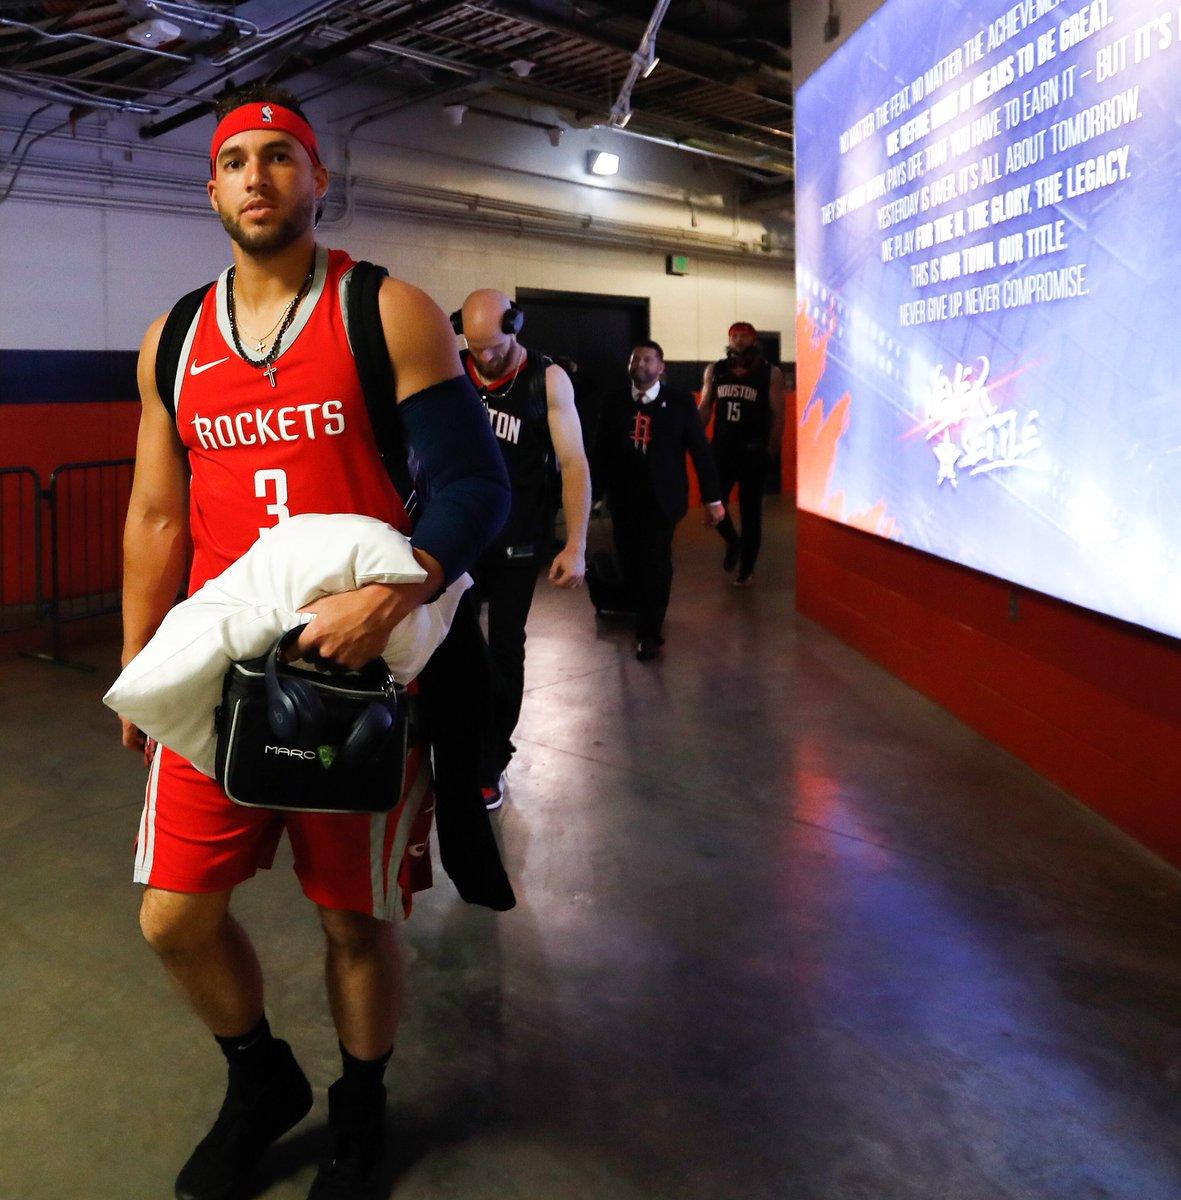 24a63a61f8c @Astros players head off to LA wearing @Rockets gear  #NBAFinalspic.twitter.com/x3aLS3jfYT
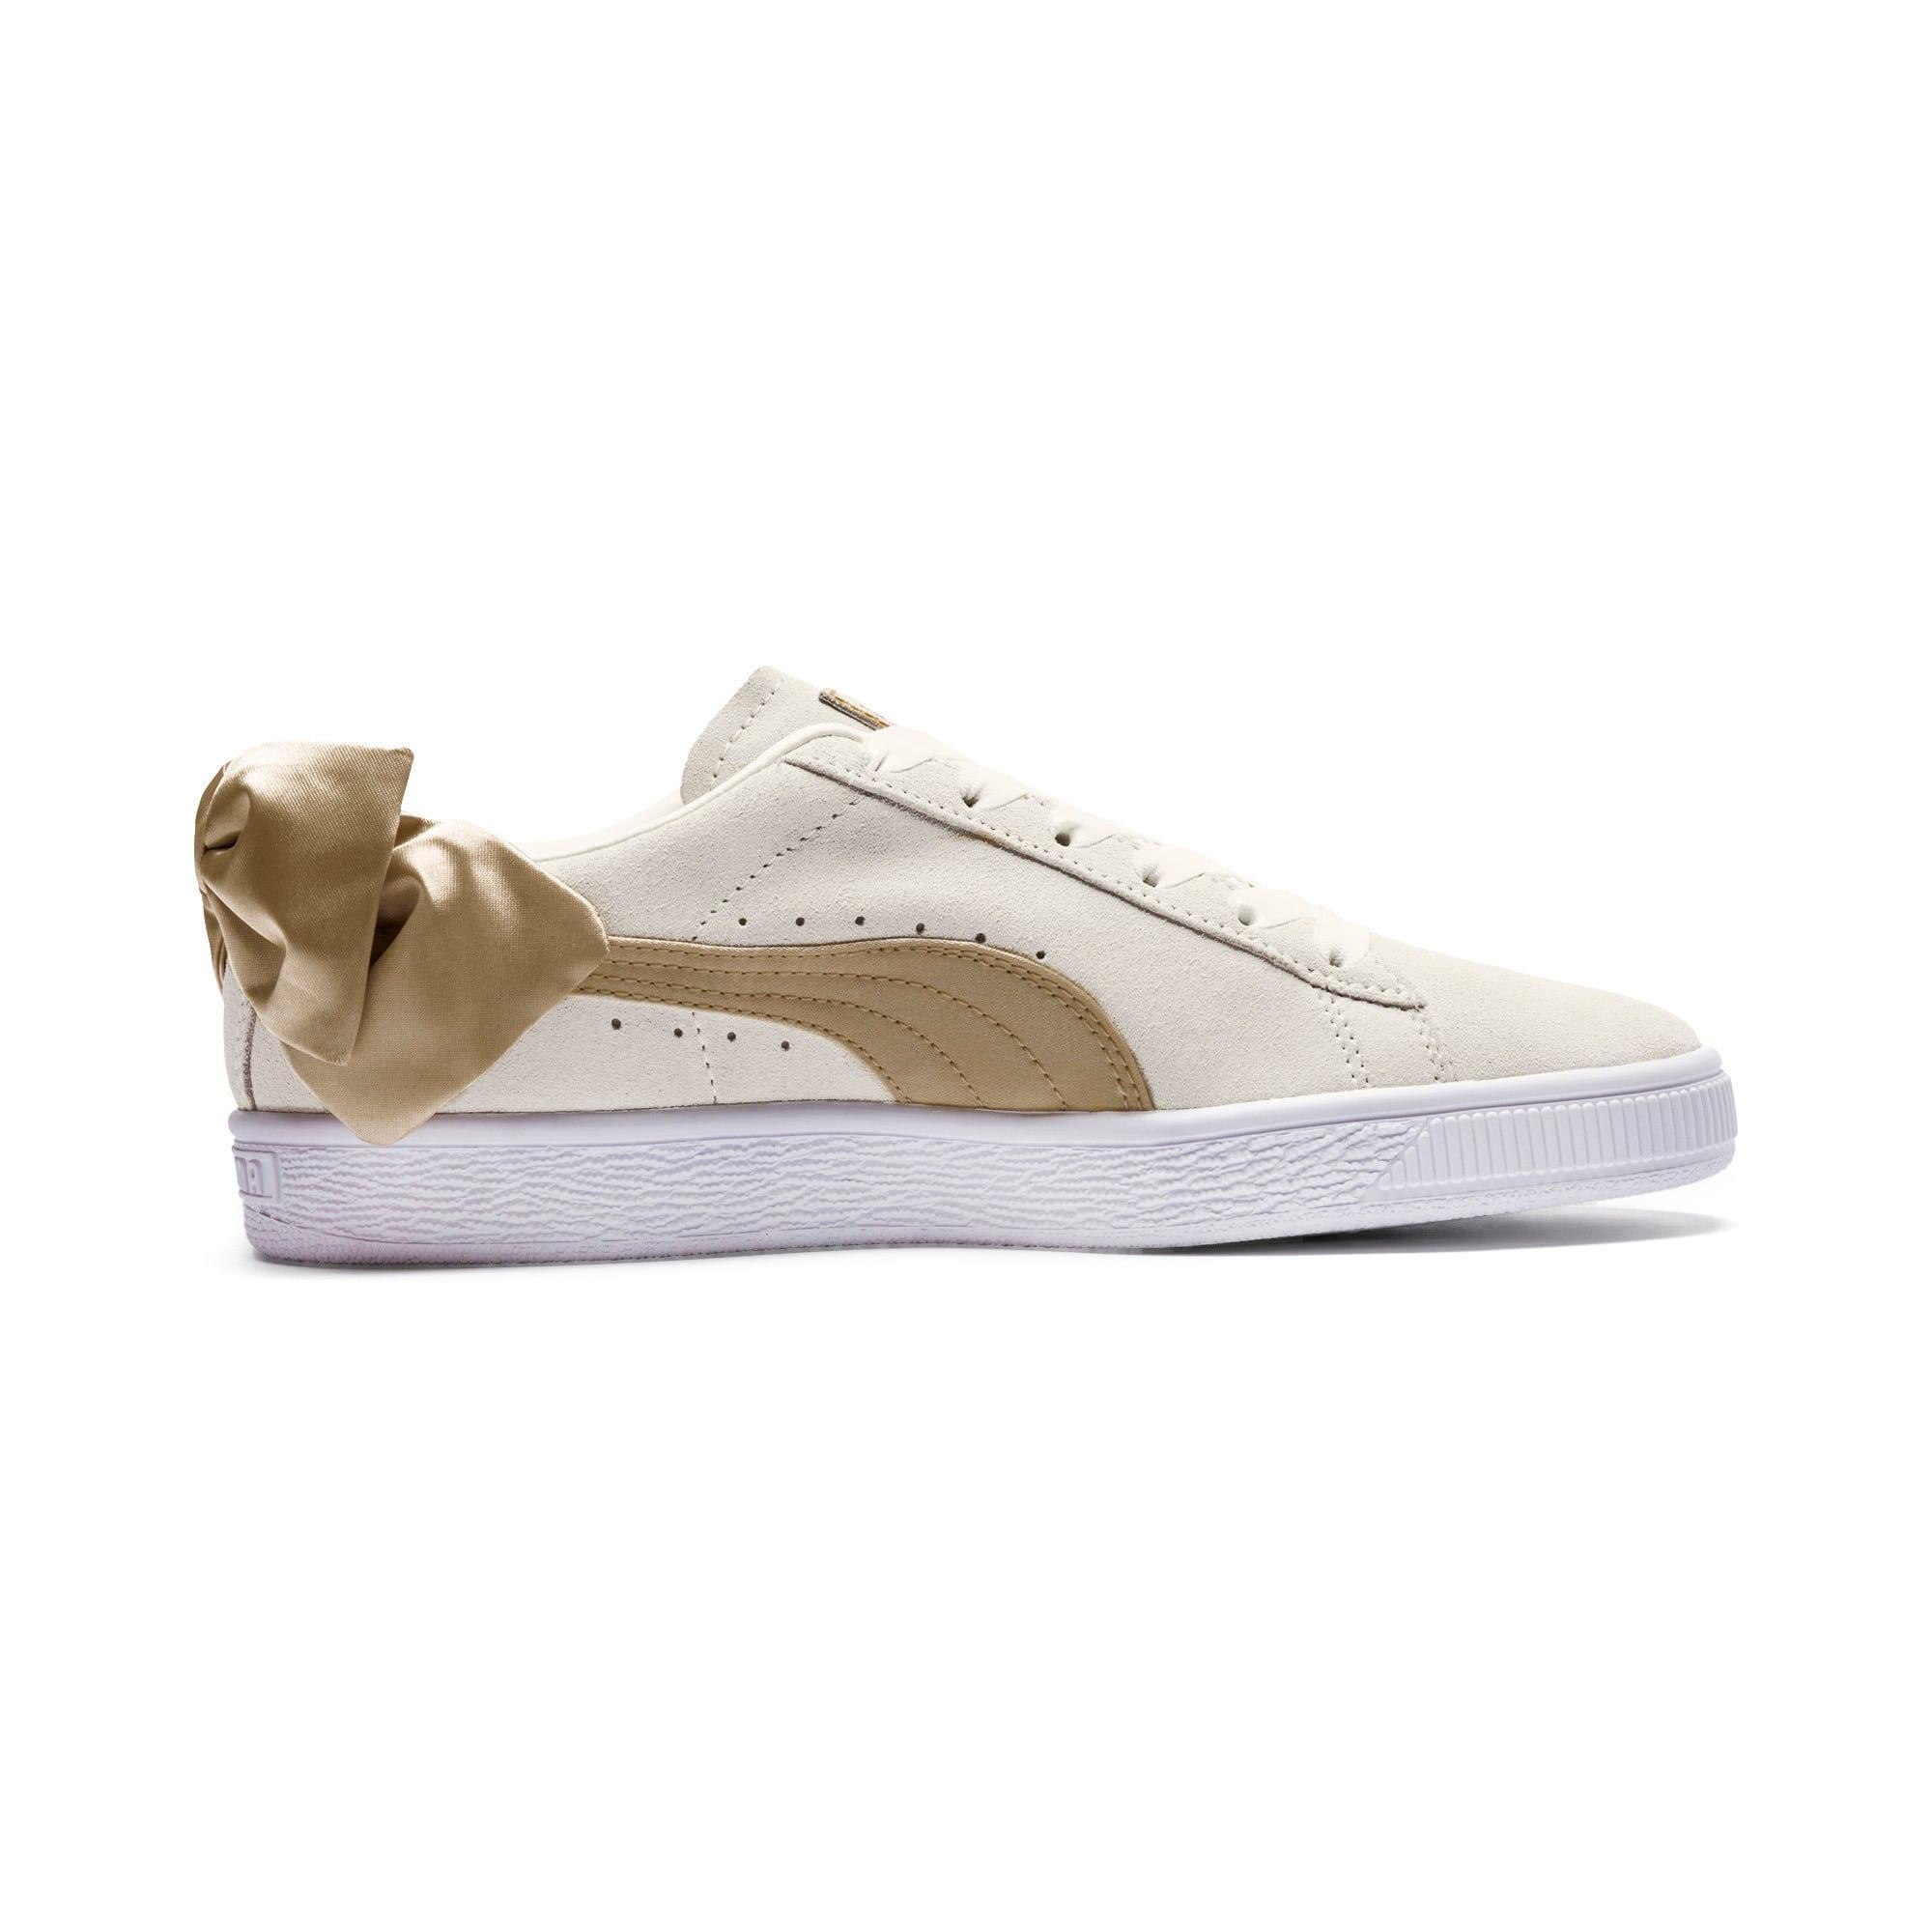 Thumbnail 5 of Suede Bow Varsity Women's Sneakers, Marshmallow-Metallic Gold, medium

==

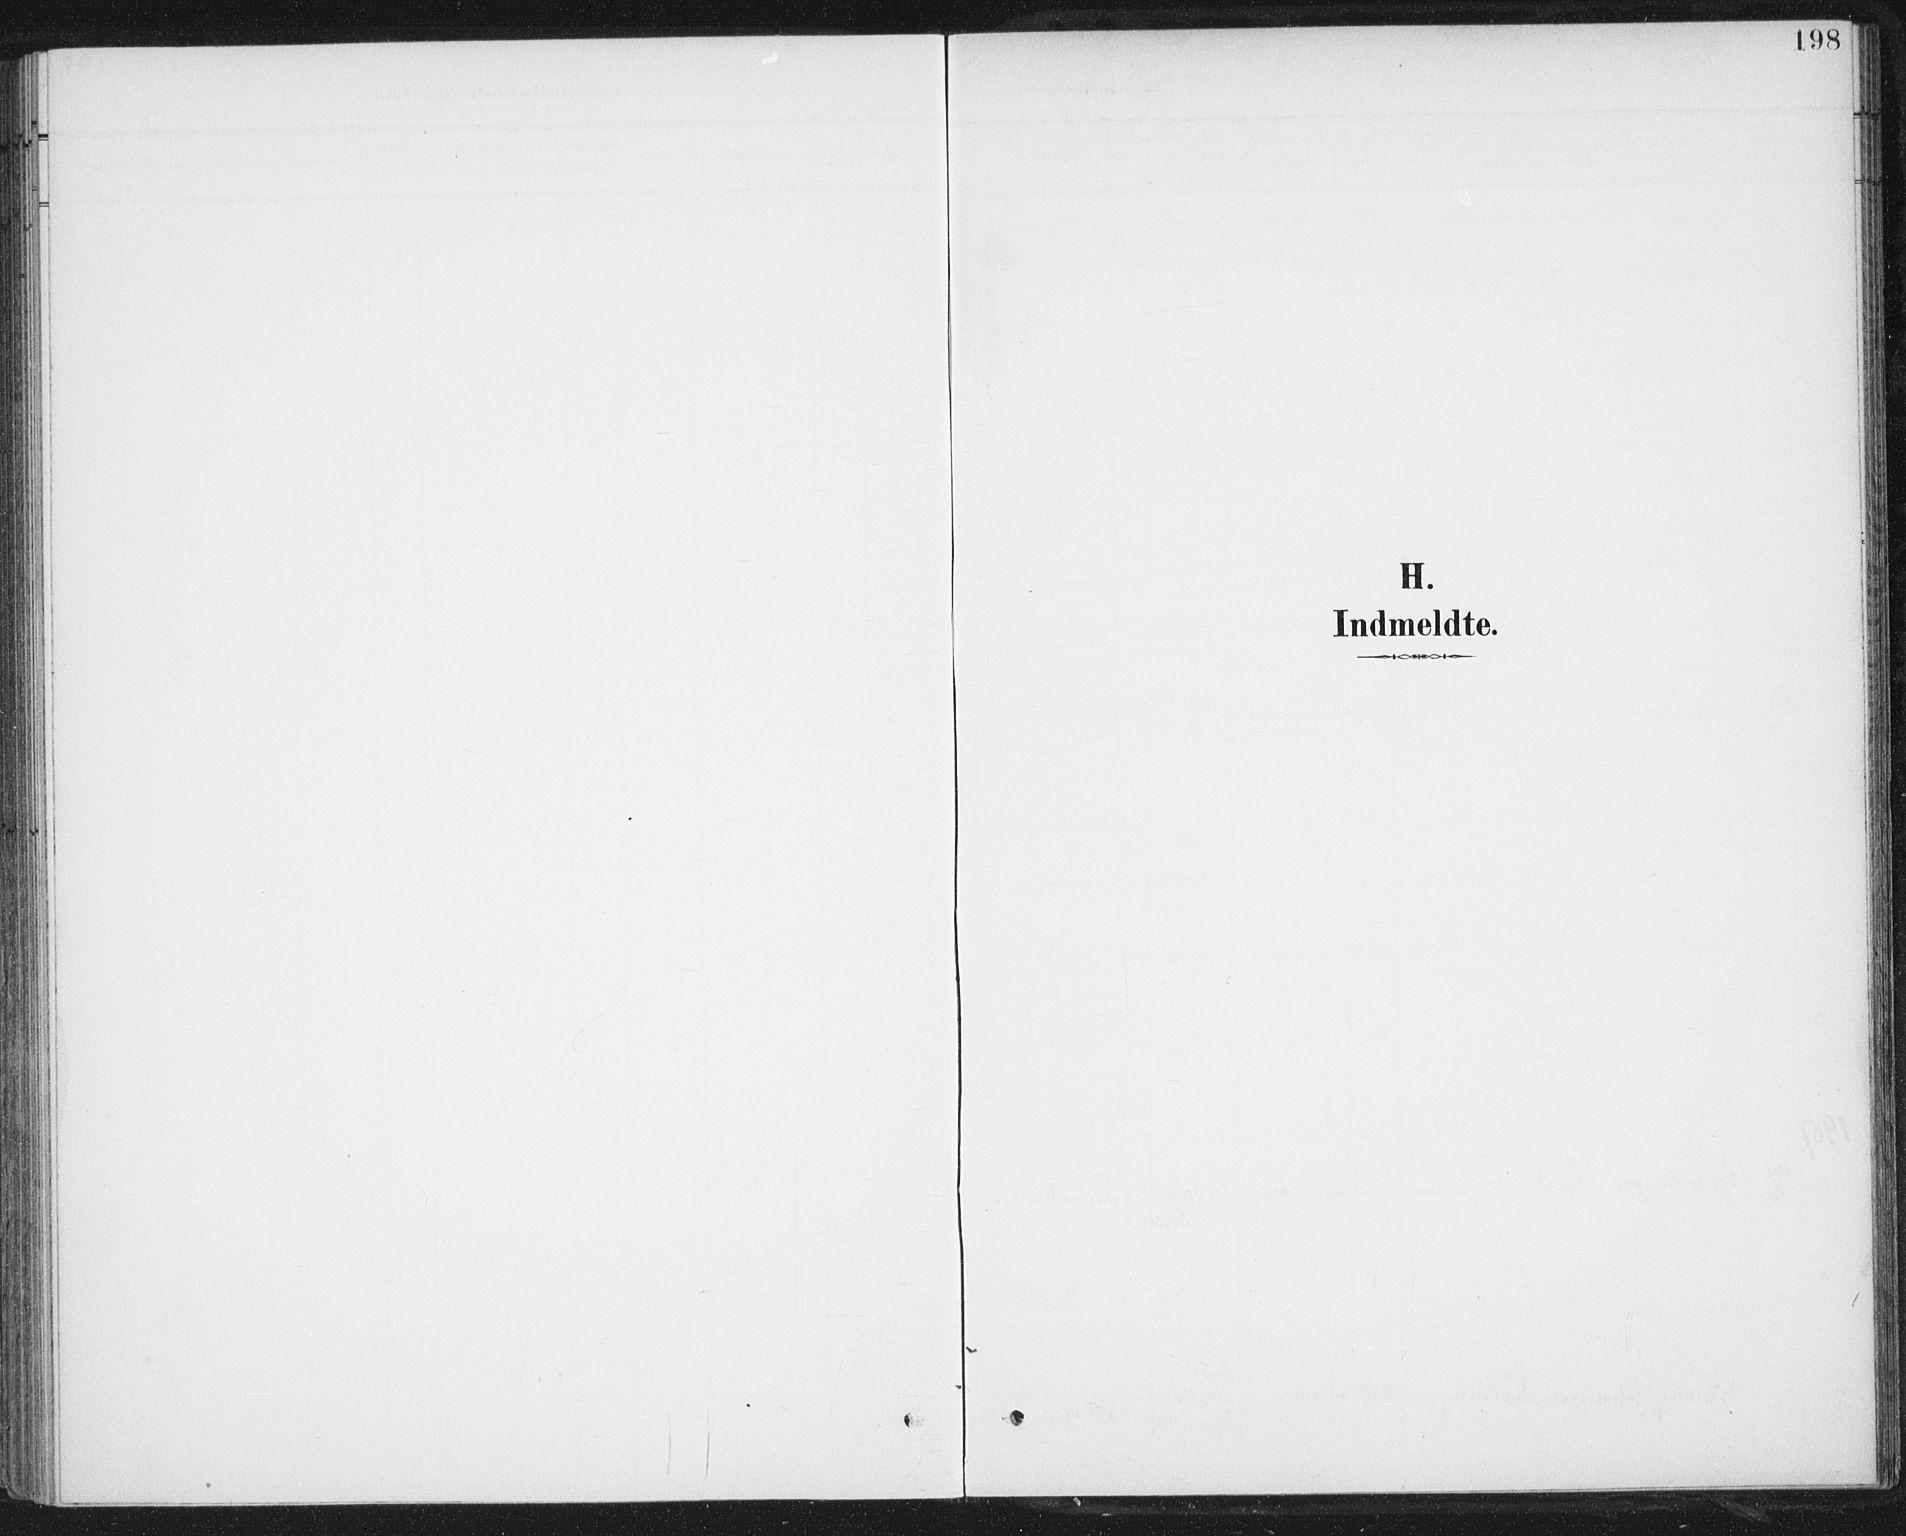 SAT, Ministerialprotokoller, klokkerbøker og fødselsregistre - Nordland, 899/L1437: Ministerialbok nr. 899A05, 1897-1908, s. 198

### TASK DESCRIPTION
Look above for the line containing "24a63a61f8c @Astros players", then copy exactly from it through the line containing "Thumbnail 5 of", keeping both and leaving out pictures. Add nothing else.

### REPLY
 24a63a61f8c @Astros players head off to LA wearing @Rockets gear  #NBAFinalspic.twitter.com/x3aLS3jfYT
 Thumbnail 5 of Suede Bow Varsity Women's Sneakers, Marshmallow-Metallic Gold, medium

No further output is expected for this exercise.